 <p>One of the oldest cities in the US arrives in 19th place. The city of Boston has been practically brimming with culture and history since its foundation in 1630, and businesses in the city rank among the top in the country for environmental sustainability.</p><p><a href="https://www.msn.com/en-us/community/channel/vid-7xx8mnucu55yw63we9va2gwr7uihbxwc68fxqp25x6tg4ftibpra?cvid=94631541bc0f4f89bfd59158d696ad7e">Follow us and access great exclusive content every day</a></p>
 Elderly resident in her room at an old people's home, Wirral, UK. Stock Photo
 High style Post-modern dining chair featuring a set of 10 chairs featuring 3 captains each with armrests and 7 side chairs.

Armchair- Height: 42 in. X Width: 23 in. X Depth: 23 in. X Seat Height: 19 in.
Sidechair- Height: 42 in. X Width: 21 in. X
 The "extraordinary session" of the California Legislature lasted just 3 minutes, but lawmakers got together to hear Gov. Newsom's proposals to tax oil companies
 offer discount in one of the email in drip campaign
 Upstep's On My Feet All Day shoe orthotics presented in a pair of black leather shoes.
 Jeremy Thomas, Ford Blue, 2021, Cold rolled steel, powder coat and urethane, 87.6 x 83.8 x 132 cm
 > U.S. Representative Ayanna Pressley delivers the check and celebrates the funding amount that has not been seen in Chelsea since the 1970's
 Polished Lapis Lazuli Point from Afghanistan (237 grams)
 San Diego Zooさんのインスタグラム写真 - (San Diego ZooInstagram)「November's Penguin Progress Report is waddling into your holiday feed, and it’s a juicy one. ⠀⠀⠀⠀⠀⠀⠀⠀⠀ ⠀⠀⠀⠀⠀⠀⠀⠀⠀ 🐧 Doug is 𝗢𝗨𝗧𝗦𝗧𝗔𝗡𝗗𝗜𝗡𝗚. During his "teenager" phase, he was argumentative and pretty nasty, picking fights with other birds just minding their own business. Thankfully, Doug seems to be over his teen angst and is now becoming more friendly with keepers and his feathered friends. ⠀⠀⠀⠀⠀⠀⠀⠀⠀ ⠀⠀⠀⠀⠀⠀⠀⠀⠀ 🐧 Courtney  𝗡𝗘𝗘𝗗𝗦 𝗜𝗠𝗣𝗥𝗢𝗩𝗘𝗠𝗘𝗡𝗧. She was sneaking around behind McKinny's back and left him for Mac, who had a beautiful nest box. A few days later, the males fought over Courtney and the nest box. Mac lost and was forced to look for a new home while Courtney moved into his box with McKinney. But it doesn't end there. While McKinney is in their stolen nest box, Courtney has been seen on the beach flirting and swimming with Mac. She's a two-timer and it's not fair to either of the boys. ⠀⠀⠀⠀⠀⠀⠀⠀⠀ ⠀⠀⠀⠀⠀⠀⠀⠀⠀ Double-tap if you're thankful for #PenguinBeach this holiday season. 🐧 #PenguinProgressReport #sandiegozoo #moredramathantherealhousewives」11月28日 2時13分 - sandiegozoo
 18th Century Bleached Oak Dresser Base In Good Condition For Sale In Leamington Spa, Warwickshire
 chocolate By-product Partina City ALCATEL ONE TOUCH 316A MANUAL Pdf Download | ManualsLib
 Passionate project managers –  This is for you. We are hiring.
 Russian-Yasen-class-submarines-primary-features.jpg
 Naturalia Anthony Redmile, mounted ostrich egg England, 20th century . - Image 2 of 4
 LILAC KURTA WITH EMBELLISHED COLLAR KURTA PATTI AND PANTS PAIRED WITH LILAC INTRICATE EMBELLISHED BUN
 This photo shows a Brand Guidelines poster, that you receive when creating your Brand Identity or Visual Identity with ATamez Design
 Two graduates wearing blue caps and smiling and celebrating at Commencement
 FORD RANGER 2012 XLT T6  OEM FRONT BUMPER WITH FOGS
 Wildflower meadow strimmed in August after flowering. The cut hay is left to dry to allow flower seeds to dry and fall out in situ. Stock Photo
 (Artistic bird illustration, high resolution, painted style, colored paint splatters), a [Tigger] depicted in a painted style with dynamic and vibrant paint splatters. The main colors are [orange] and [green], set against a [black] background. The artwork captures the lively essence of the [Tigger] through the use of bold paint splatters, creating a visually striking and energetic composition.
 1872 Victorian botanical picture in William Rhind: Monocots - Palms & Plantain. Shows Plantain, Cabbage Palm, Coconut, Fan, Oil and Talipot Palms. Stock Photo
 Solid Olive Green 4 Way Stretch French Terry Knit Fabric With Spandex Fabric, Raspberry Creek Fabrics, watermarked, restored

┄┄┄┄┄┄┄┄┄┄┄┄┄┄┄┄┄┄┄┄

» GOAL OF THE EXERCISE:
In the entries above, the lines from the one bearing "High style Post-modern" up to and including the one bearing "Sidechair- Height: 42 in. X Width: 21 in. X" should be transcribed exactly; no other line is wanted.

» OUTPUT FOR THIS TASK:
 High style Post-modern dining chair featuring a set of 10 chairs featuring 3 captains each with armrests and 7 side chairs.

Armchair- Height: 42 in. X Width: 23 in. X Depth: 23 in. X Seat Height: 19 in.
Sidechair- Height: 42 in. X Width: 21 in. X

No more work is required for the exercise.